Wer hat Europa verloren?

CAMBRIDGE – Der Finanzkollaps in Europa ist abgewendet worden – vorerst. Die Zukunft der Europäischen Union und das Schicksal der Eurozone sind jedoch nach wie vor in der Schwebe. Wenn Europa keinen Weg findet die Wirtschaft des Kontinentes bald zu reaktivieren, wird es über Jahre zu gedrückter Stimmung und gegenseitigen Schuldzuweisungen verdammt sein, „wer das europäische Projekt sabotiert hat“.
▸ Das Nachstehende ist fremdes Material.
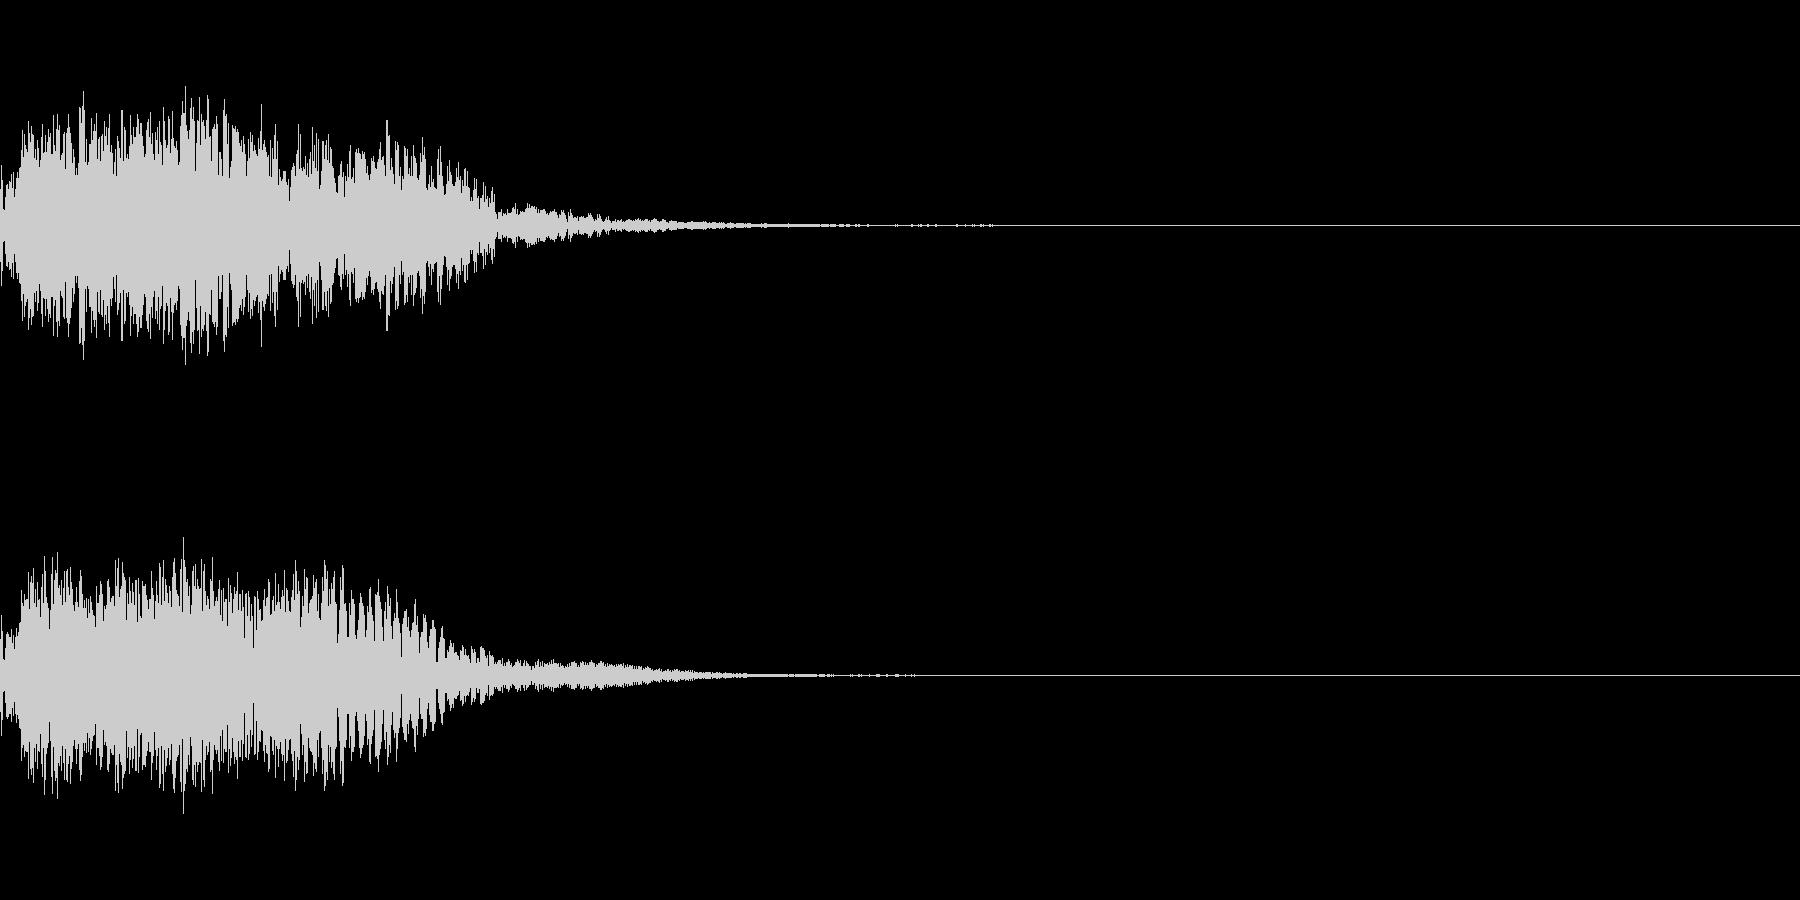 キュイン キーン シャキーン 光る 06の未再生の波形

Europa hat 2009 einen schlimmeren Zusammenbruch erlitten als die Vereinigten Staaten und die europäische Wirtschaft steht vor einer wesentlich schleppenderen Erholung – wenn man es so nennen kann. Für dieses Jahr erwartet der Internationale Währungsfonds ein Wachstum von nur 1% für die Eurozone und im Jahr 2011 rechnet er mit 1,5%, verglichen mit 3,1 und 2,6% für die USA. Sogar Japan, das sich seit den Neunzigerjahren in einer tiefen Krise befindet, wird ein schnelleres Wachstum prognostiziert als Europa.

Das europäische Wachstum wird von Schuldenproblemen und anhaltender Besorgnis über die Zahlungsfähigkeit von Griechenland und anderen hoch verschuldeten EU-Mitgliedern gehemmt. Während der private Sektor den Grad seiner Verschuldung reduziert und versucht seine Bilanzen zu sanieren, sind der Konsum und die Investitionsnachfrage eingebrochen und verursachen damit auch Rückgänge in der Produktion. Abgesehen von Sparmaßnahmen haben europäische Spitzenpolitiker bisher keine Lösung für das Wachstumsproblem vorgeschlagen.